Após STJ decidir contra, STF reacende tese da não incidência do IPI no importado

09/08/2016

Priscila Garcia Secani - Publicado no Migalhas, em 09/08/2016.

Após mudança de entendimento, o Superior Tribunal de Justiça decidiu no EResp nº 1.403.532/SC pela legalidade da incidência do Imposto sobre Produto Industrializado (IPI)  na revenda de produto importado, fundamentado na previsão contida no artigo 46 do Código Tributário Nacional, afastando as alegações dos contribuintes sobre a existência de bitributação.

Contudo, a matéria chegou ao Supremo Tribunal Federal, que reconheceu em 01.07.2016 a Repercussão Geral do tema no Recurso Extraordinário nº 946.648 (Tema 906) e apreciará, agora sob o enfoque constitucional, se é legítima ou não a cobrança de IPI na revenda de produto importado, o que reanima a discussão e a esperança de contribuintes.

Segundo o Ministro Marco Aurélio, o Recurso Extraordinário foi interposto pelo contribuinte para reforma de acórdão do Tribunal Regional Federal da 4ª Região que entendeu ser devido o imposto tanto no momento do desembaraço aduaneiro como na saída da mercadoria do estabelecimento do importador, independentemente da mercadoria ter ou não passado por processo de industrialização. O TRF4 afastou, ainda, a alegação de bitributação ao entender que seriam fatos geradores distintos, pois sustentou haver “equiparação do importador ao industrial, justificando, desse modo, a cobrança nos dois momentos: o do desembaraço da mercadoria e o da saída do estabelecimento importador para o mercado interno”.

No recurso dirigido ao STF alega-se que houve violação ao Princípio da Isonomia Tributária prevista no artigo 150, inciso II, da Constituição Federal, que veda tratamento diferenciado entre os contribuintes que se encontrem na mesma situação. No caso, o importador seria excessivamente onerado em comparação com o industrial e comerciante nacional com a incidência do IPI em dois momentos.
Na realidade, o que se verifica é que a discussão central diz respeito à constitucionalidade da equiparação do importador ao industrial. Isso porque, no caso, o IPI incide sobre operações em que não ocorre industrialização por qualquer modalidade, o que se mostra incompatível com o artigo 153, inciso II e § 3º da Constituição Federal e, por conseguinte, a tributação em dobro, vez que o imposto já incide no desembaraço, não cabendo nova incidência na revenda.

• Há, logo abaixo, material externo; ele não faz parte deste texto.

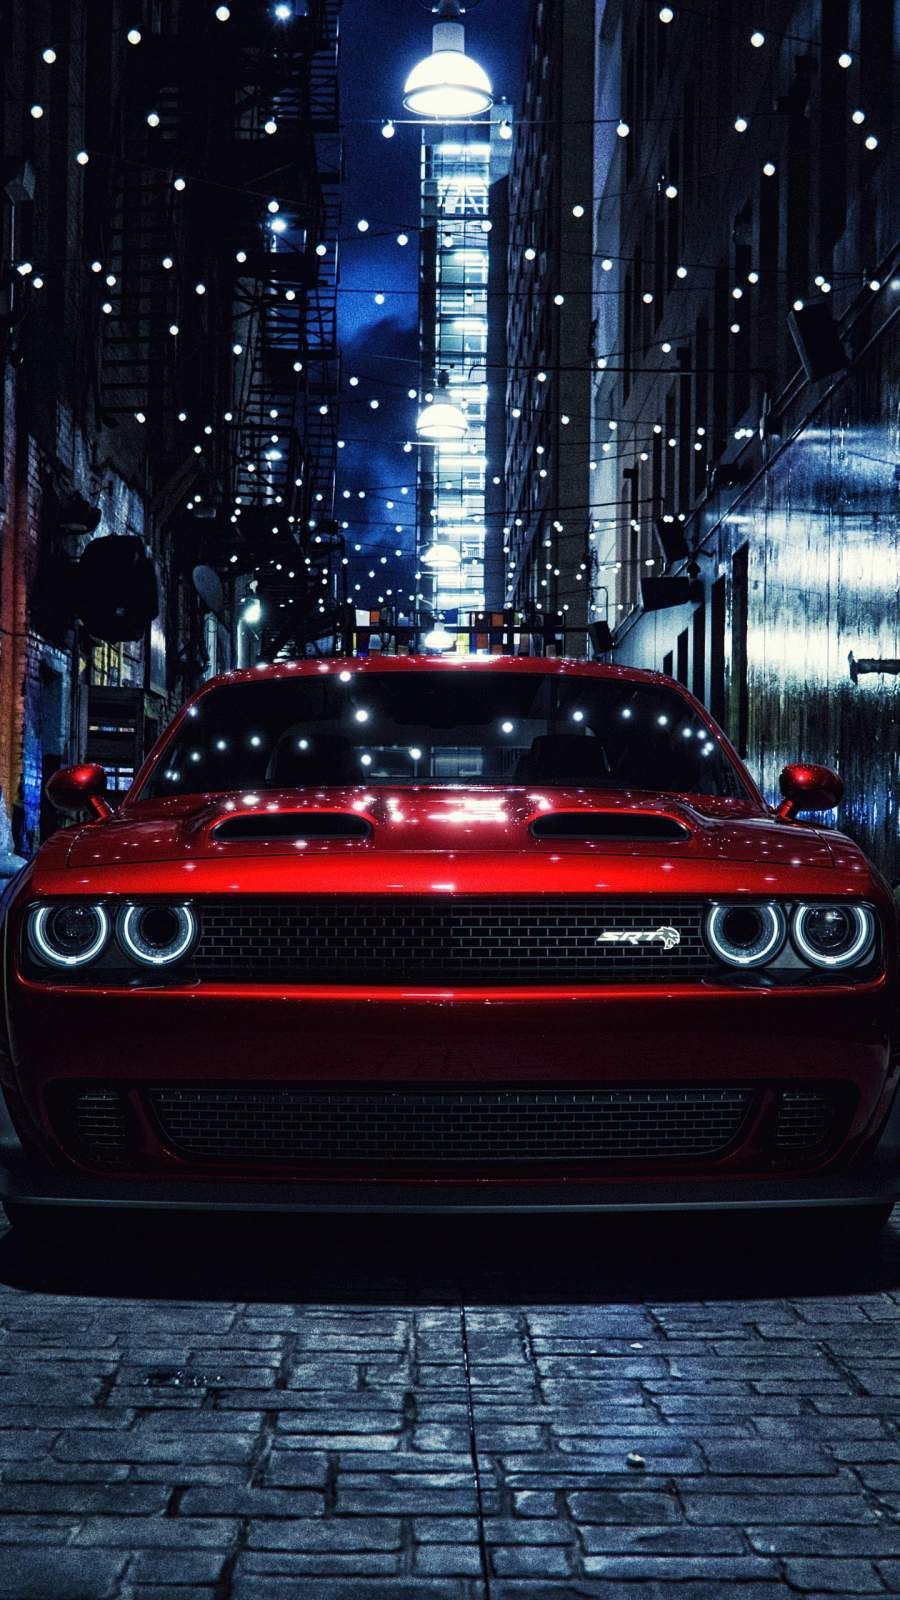 iPhone Wallpaper for iPhone iPhone 8 Plus, iPhone 6s, iPhone 6s Plus, iPhone X and iPod Touch. Dodge challenger srt, Charger srt hellcat, Challenger srt demon

Embora não conste no pronunciamento do STF sobre Repercussão Geral do tema, a incidência do IPI na saída da mercadoria do estabelecimento do importador sem que tenha havido processo industrial caracteriza tributação da sua circulação, de modo que a bitributação não ocorre entre as duas incidências do IPI e sim com o ICMS, violando o artigo 155, inciso II, da Constituição Federal. Há, ainda, afronta ao artigo III do GATT, que veda a tributação diferenciada aos produtos dos países signatários.

Por outro lado, o fisco alega que a votação ocorrida mediante plenário virtual teve contagem errônea, de modo que por 6x5 a votação teria sido no sentido da não existência de violação à Constituição Federal e, como consequência, o tema não teria Repercussão Geral, mas o STF não se manifestou a esse respeito até o momento.

Ou seja, a tese sobre a não incidência do IPI na revenda de importado, que parecia perdida, voltará a ser debatida, dessa vez no STF, renovando assim as esperanças dos contribuintes.